WORK INSTRUCTIONS:
Check every line below for the string "Black", and copy the lines that contain it.

Saved data entries:
☆ ☆ ☆ ☆ ☆ ☆ ☆

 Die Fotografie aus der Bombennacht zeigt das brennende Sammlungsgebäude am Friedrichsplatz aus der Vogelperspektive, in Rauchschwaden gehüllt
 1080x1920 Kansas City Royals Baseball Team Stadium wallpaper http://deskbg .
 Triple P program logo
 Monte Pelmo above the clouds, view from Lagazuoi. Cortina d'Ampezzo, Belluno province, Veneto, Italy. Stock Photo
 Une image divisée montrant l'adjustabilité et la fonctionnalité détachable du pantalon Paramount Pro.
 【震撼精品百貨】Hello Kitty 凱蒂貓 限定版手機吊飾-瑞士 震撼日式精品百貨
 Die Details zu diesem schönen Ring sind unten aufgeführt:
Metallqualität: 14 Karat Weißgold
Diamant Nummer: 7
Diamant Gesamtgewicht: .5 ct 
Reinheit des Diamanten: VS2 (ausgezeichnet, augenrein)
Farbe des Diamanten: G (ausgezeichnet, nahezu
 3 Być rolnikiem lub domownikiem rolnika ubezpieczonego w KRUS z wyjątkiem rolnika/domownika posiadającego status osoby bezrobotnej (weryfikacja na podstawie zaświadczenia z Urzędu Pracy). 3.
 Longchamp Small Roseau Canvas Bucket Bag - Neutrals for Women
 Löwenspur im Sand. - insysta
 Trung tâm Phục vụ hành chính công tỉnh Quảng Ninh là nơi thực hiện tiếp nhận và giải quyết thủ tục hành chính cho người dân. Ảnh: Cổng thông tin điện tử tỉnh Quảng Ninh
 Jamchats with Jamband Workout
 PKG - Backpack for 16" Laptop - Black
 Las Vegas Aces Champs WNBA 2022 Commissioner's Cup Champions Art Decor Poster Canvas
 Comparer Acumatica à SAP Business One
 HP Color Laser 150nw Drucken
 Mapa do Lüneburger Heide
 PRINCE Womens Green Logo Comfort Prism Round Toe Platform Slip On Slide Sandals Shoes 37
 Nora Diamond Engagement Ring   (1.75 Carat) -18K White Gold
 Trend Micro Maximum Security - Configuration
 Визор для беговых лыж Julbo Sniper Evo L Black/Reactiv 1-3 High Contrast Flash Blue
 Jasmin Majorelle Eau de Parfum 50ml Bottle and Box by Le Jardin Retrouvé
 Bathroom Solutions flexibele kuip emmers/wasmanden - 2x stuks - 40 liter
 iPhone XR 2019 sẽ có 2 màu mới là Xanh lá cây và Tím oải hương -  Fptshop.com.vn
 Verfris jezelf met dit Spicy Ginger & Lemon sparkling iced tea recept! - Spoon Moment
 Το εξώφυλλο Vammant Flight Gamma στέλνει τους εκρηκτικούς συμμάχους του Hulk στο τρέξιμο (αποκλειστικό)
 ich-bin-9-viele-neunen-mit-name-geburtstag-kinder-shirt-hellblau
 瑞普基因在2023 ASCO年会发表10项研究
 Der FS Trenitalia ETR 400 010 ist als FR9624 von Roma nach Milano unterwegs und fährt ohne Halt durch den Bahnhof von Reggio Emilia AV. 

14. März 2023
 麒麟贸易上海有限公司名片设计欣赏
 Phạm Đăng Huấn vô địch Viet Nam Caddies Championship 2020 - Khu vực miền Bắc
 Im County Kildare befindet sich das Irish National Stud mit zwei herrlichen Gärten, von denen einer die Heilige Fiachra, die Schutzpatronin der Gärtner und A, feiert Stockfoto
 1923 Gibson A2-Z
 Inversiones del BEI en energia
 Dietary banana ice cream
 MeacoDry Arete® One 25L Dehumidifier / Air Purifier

☆ ☆ ☆ ☆ ☆ ☆ ☆

YOUR SOLUTION:
 PKG - Backpack for 16" Laptop - Black
 Визор для беговых лыж Julbo Sniper Evo L Black/Reactiv 1-3 High Contrast Flash Blue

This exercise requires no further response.